Wi-Fi 4 (802.11n), established in 2009, is the oldest Wi-Fi protocol that is still used in new products today, albeit at a minuscule rate. Indeed, Wi-Fi 4 Access Point (AP) shipments are generally exclusive to cost-sensitive markets in Africa and Asia. While the protocol was an initial catalyst for the Internet of Things (IoT) due to its low-cost, low-power capabilities, the IoT market has largely moved on. That’s because Wi-Fi 4 standard failed to build upon the 2.4 Gigahertz (GHz) spectrum bands, which IoT devices often use. Through 2026, Wi-Fi 4 will still be sported in IoT devices that don’t rely on high performance. The maximum theoretical throughput for Wi-Fi 4 is 600 Megabits per second (Mbps). Although, any speed above 125 Mbps is rare.
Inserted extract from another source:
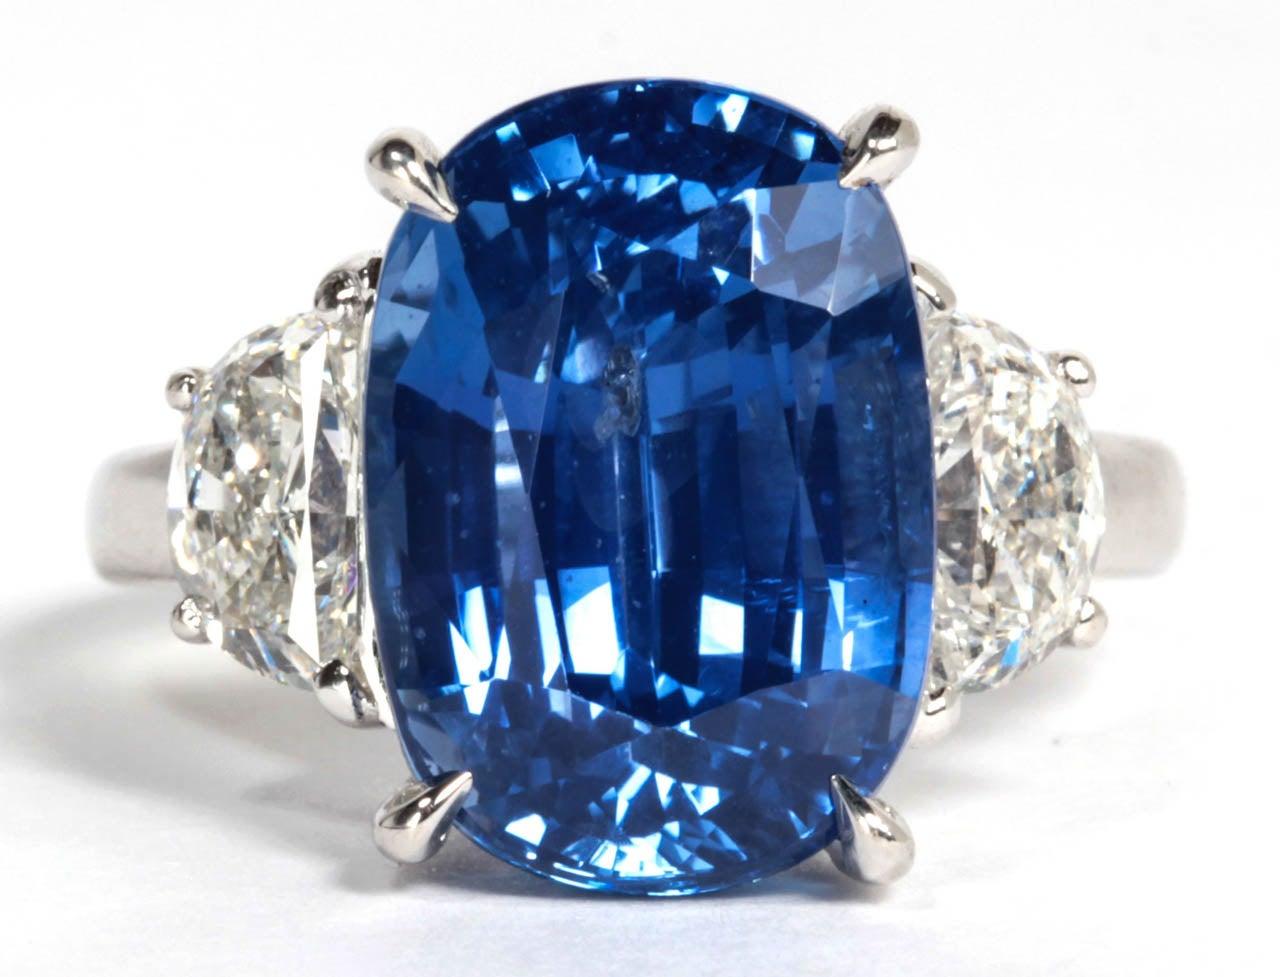 Gorgeous sapphire and diamond ring.   11.51 carat cushion cut
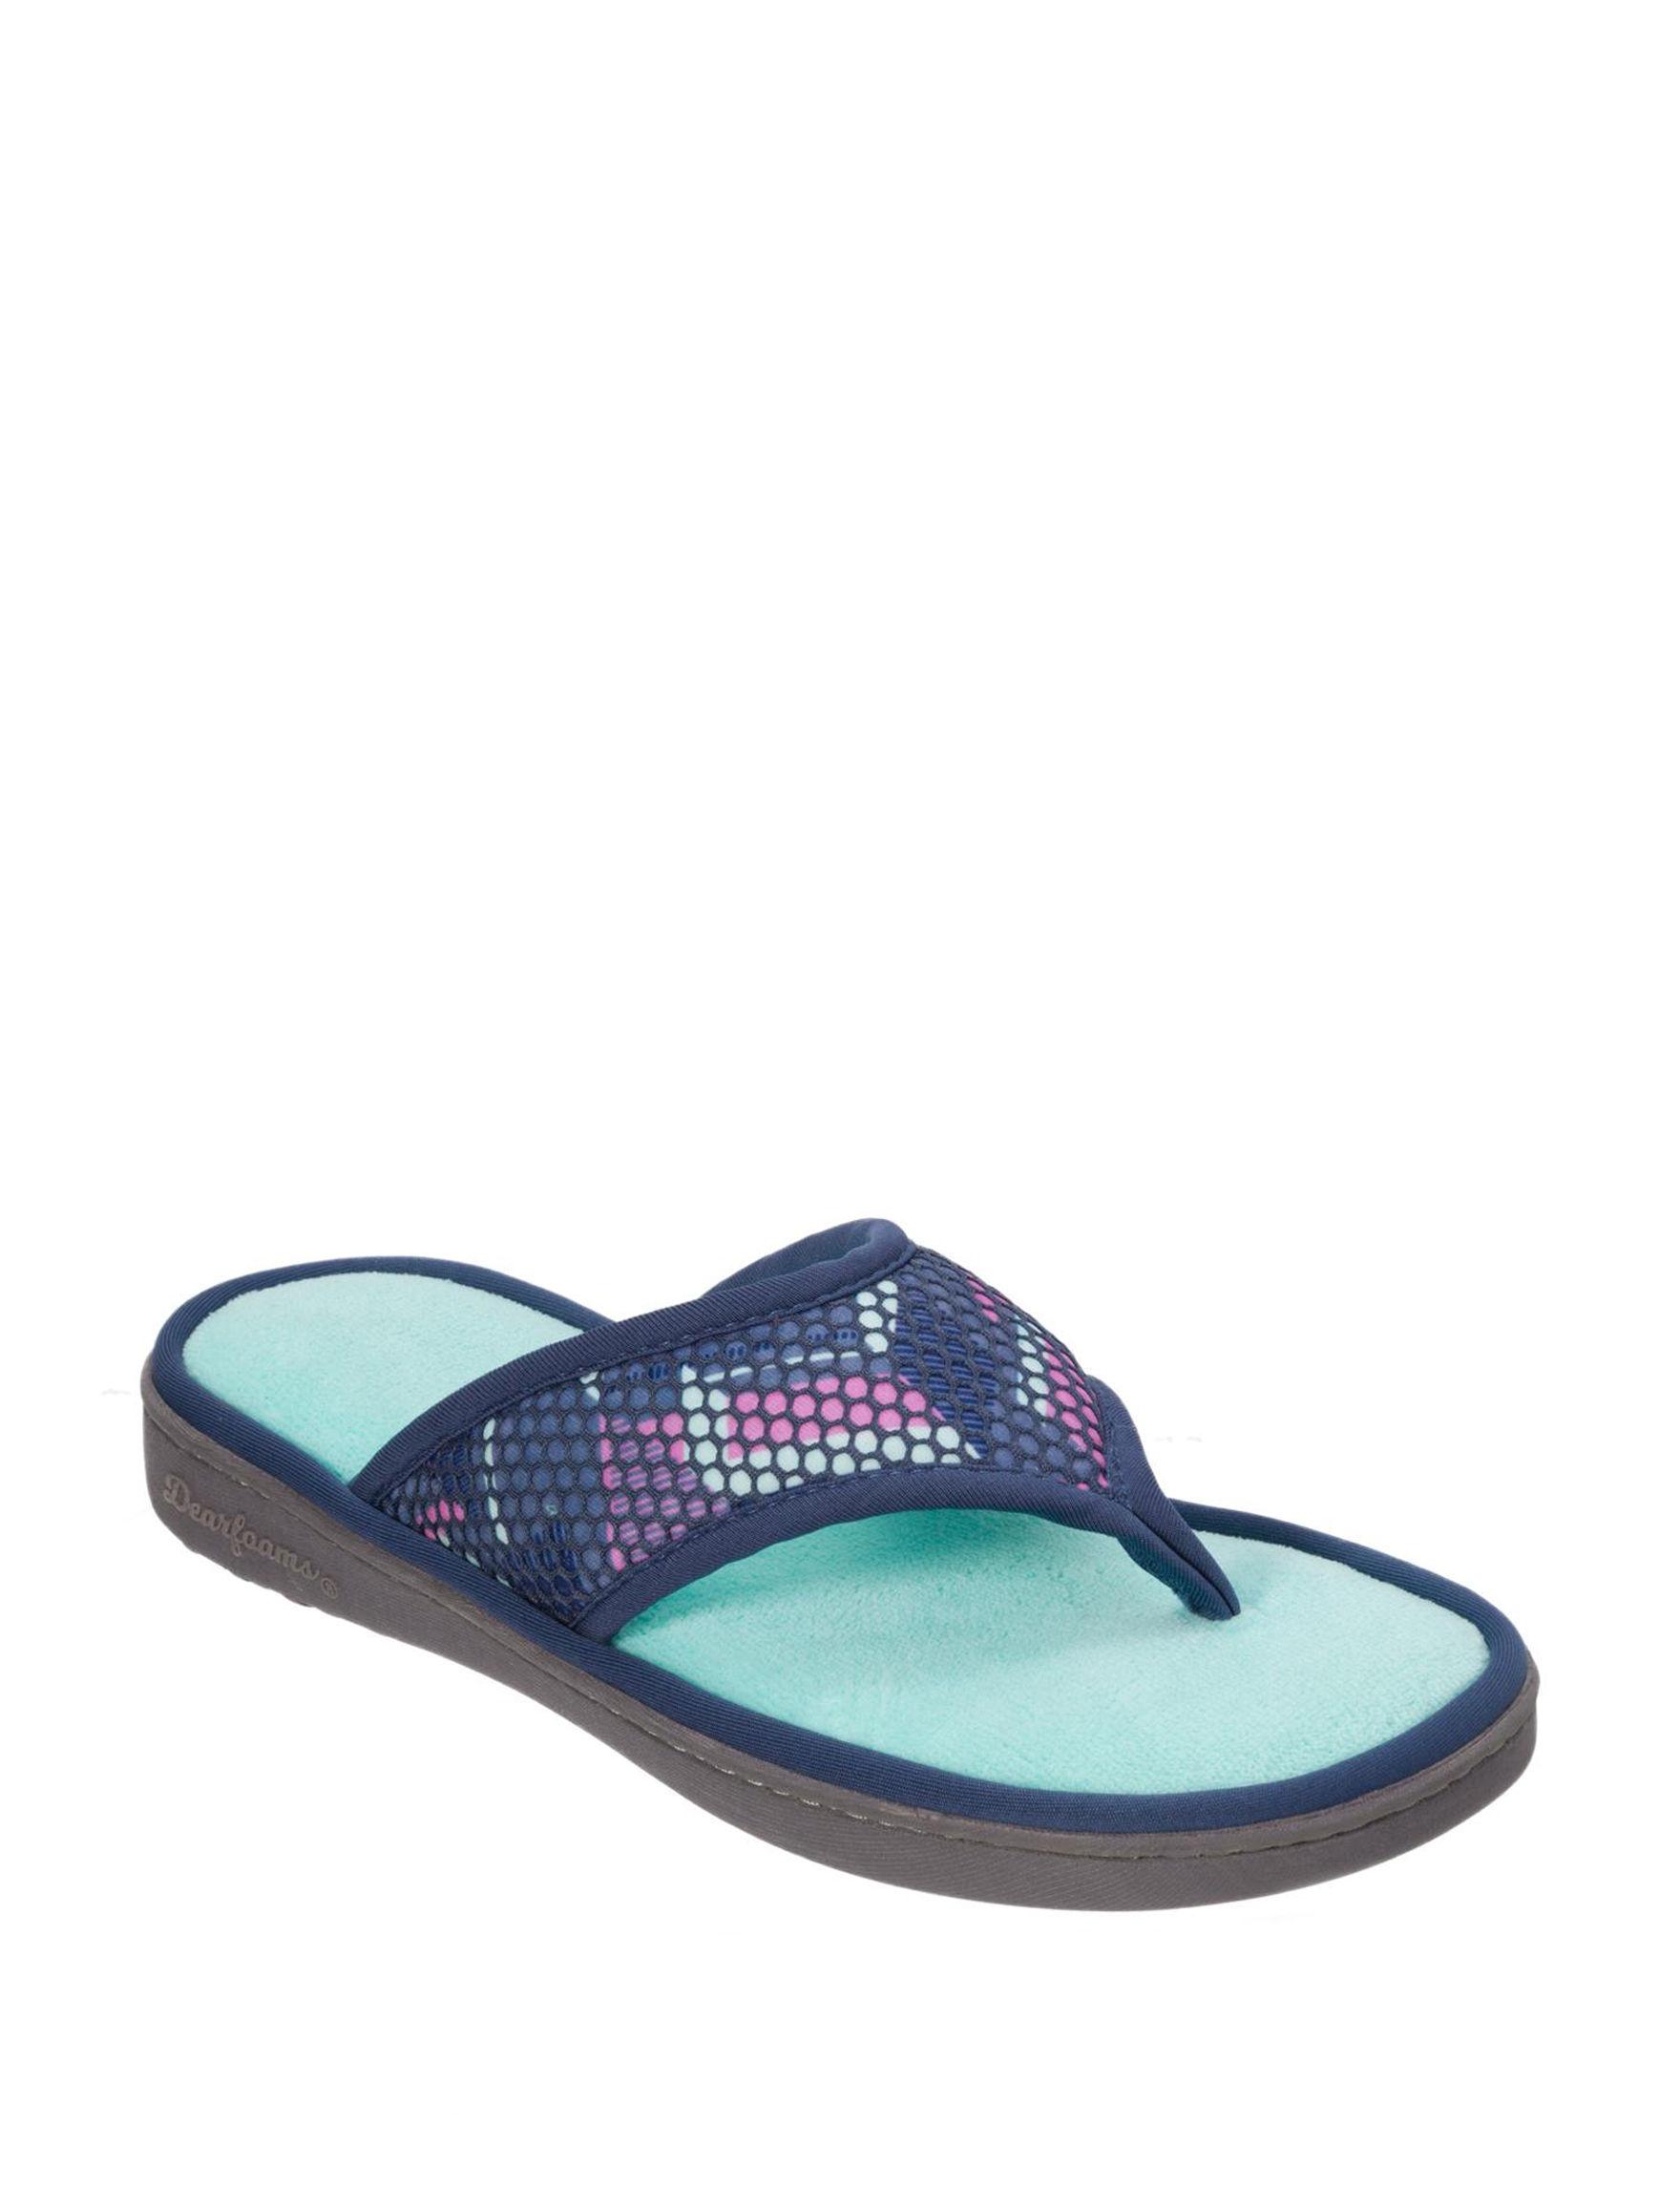 Dearfoam Teal Slipper Sandals

Certified in 2013 by the Wi-Fi Alliance, Wi-Fi 5 (802.11ac) has seen many upgrades over the years. Not only did it have exclusive use of the 5 GHz spectrum, but its original 1.2 Gigabits per Second (Gbps) theoretical throughput gradually increased to 6.92 Gbps. That increase was thanks to impressive jumps in channel widths (80 Megahertz (MHz) to 160 MHz) and Multiple Input, Multiple Output (MIMO) streams (triple stream to eight spatial streams). Wi-Fi 5 is also backward compatible with Wi-Fi 4. Although Wi-Fi 5 accounted for 42% of chipset shipments in 2022—due to Wi-Fi Customer Premise Equipment (CPE) continuing to support the protocol—it will rapidly lose hold in the market. By 2026, around 5% of CPE will feature Wi-Fi 5, and Wi-Fi 6 chipsets shipments are already surpassing Wi-Fi 5 for consumer smartphones and laptops.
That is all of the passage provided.